Copper, one of the world’s most important metals for technology and one which the price of is tightly wed to China’s industry, bounced almost 30 percent between November of 2022 and January from $3.30 to $4.35.

However, the rally was short lived and retreated to a low of $3.54 by May, a pattern that the mainland’s equities market indexes have likewise mirrored.

Bloomberg similarly noted in a second June 25 article that both home sales and June car sales estimates are down compared to years prior.

Although the ruling Communist Party’s central bank, the People’s Bank of China, recently announced a series of stimulus measures, including rate cuts, the equities market hasn’t bought the hype.

The Hang Seng Index bottomed May 31 just above 18,000 points before rallying above 20,100 to start June on the back of promised aid.

But in the time since, the markets have given most of the gains back, closing above 18,800 points during the June 26 trading session.

Lu Ting, chief China economist at Nomura, told clients in an analysis note that the curious increase in travel volume combined with reduced spending is a condition “implying either a weaker intention to spend or less purchasing power,” Bloomberg reported.

“As pent-up demand fades and the risk of an economic double-dip becomes more real in coming months, we expect in-person services consumption growth to weaken further,” Lu added.

Not all of China’s economic news is negative. Communist Party messaging outlet Xinhua claimed in a June 25 wire that the China Film Administration reported the movie industry brought in 909 million yuan ($126 million USD) during the Dragon Boat Festival, with “80.08 percent” of revenue being generated from domestic media.

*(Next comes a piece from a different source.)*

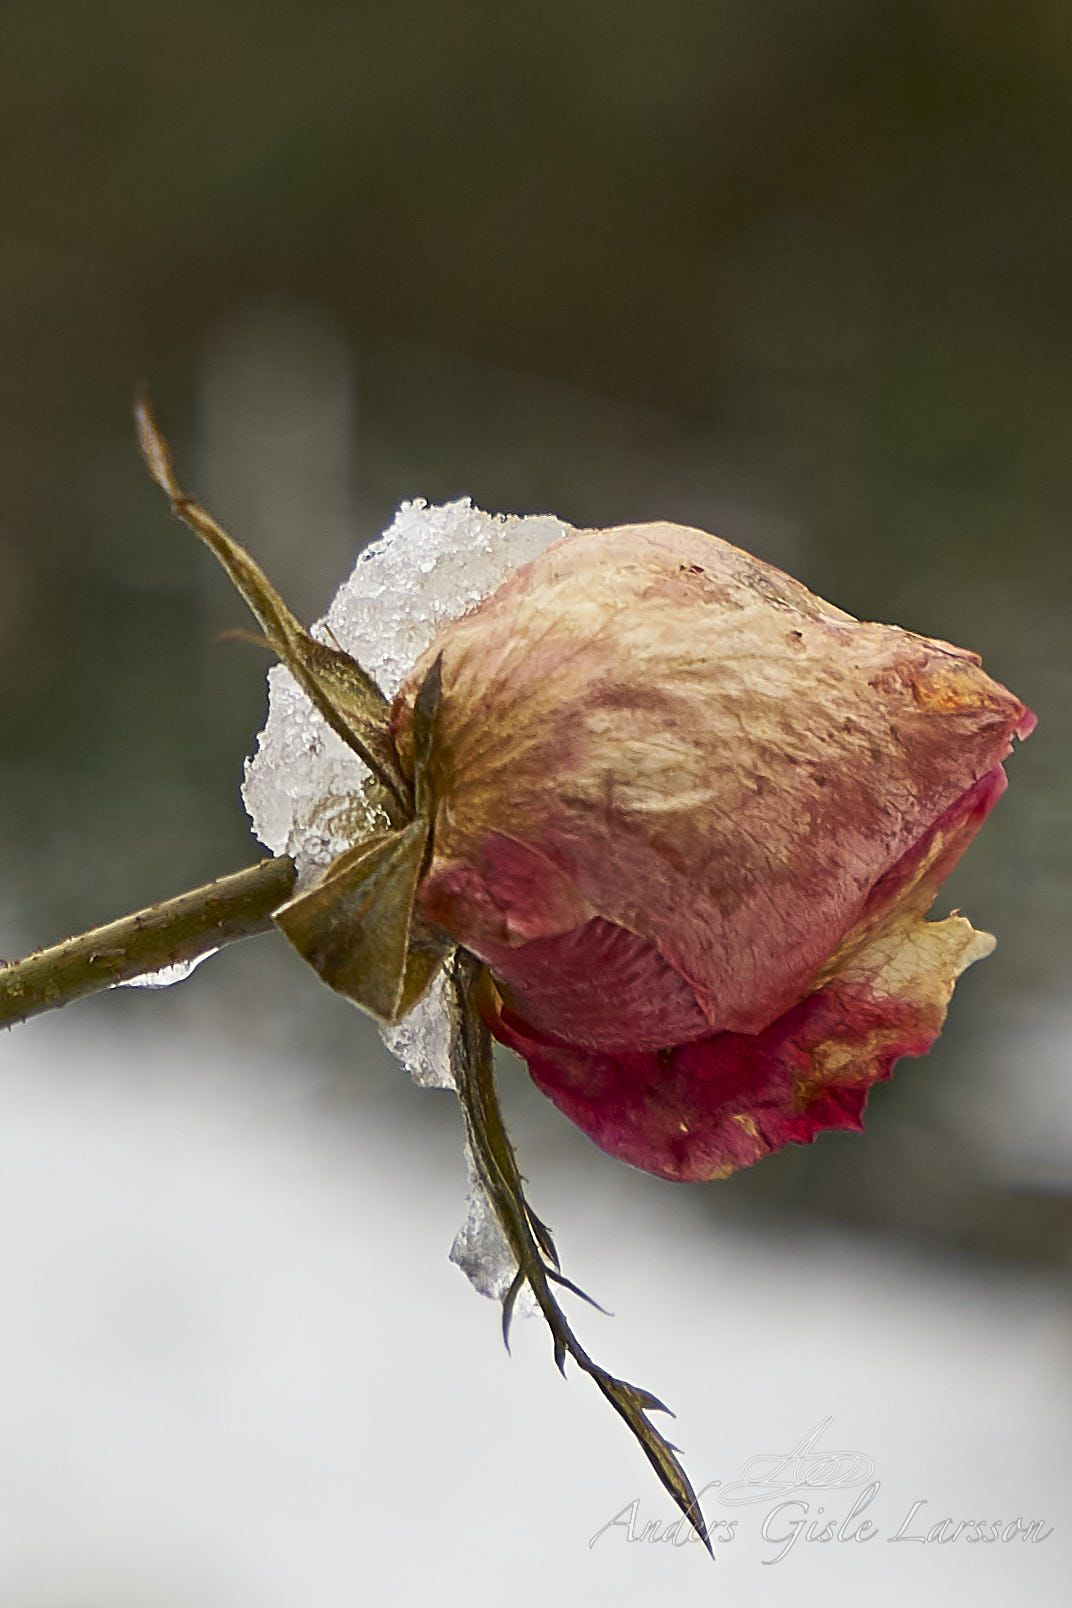 Vinter Rose, Alt er tilladt, Uge 6, 42/365, Assentoft, Randers

CNBC also reiterated the problems for the Chinese economy in June 11 reporting on reduced online advertiser spend heading into a “618” event similar to Black Friday.

An agent for a marketing consulting agency in China told the outlet, “We know it takes exactly the same amount of money to bring the customer into your shop today versus 2021, but the customer is going to spend about 30% less in your shop.”

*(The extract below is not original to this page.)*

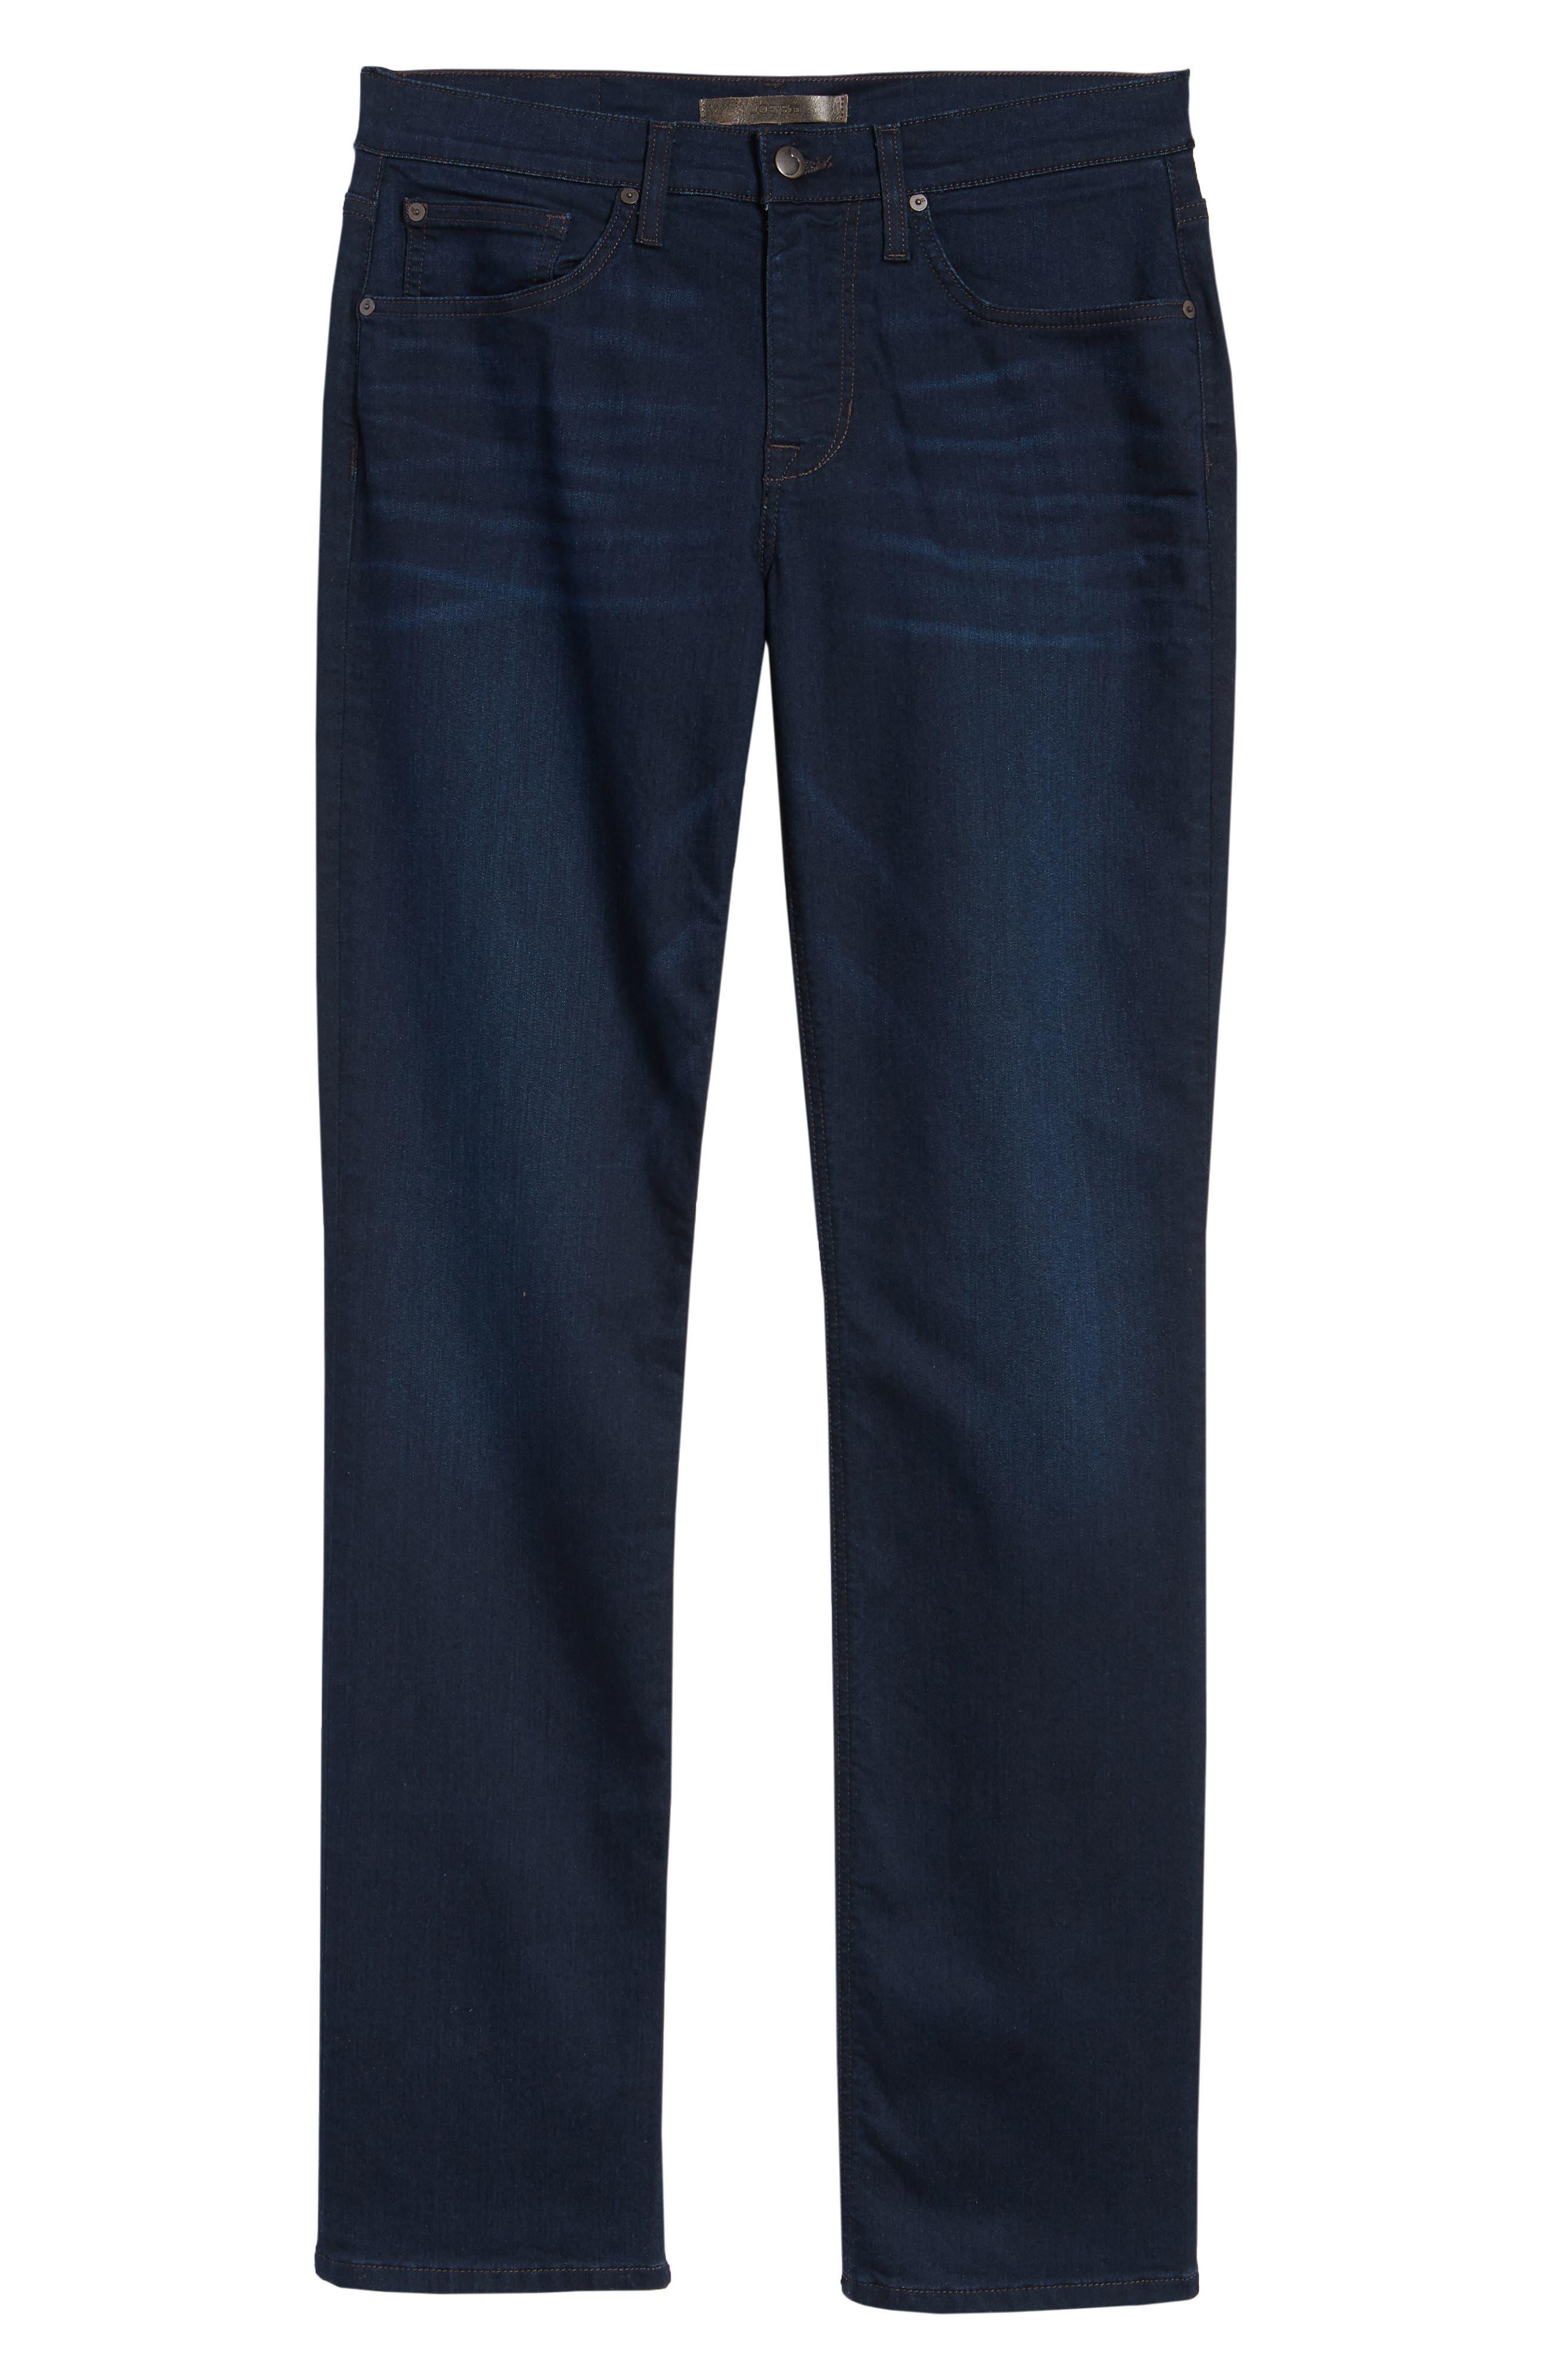 Brixton Kinetic Slim Straight Leg Jeans,                             Alternate thumbnail 2, color,                             400

“For 618, generally of course brands will be trying, but compared to before it’s a bit more tired,” she also said.

Despite the comments, data in the article showed that advertising revenue for every platform besides Alibaba and Weibo was up year over year based on March 31 financial reports from the companies.

Pinduoduo and Tencent claimed in financial reports to have roughly 50 and 18 percent more revenue from their online ad spend respectively compared to the previous year.

The article noted that Chinese government data states that urban residents, on average, benefit from more than 12,000 yuan ($1,700 USD~) in disposable income, a figure up almost 4 percent from the prior year.

Yet the increase stands at odds with a reality wherein much of China’s factories were shuttered and people were held under house arrest for months at a time during Zero COVID social credit.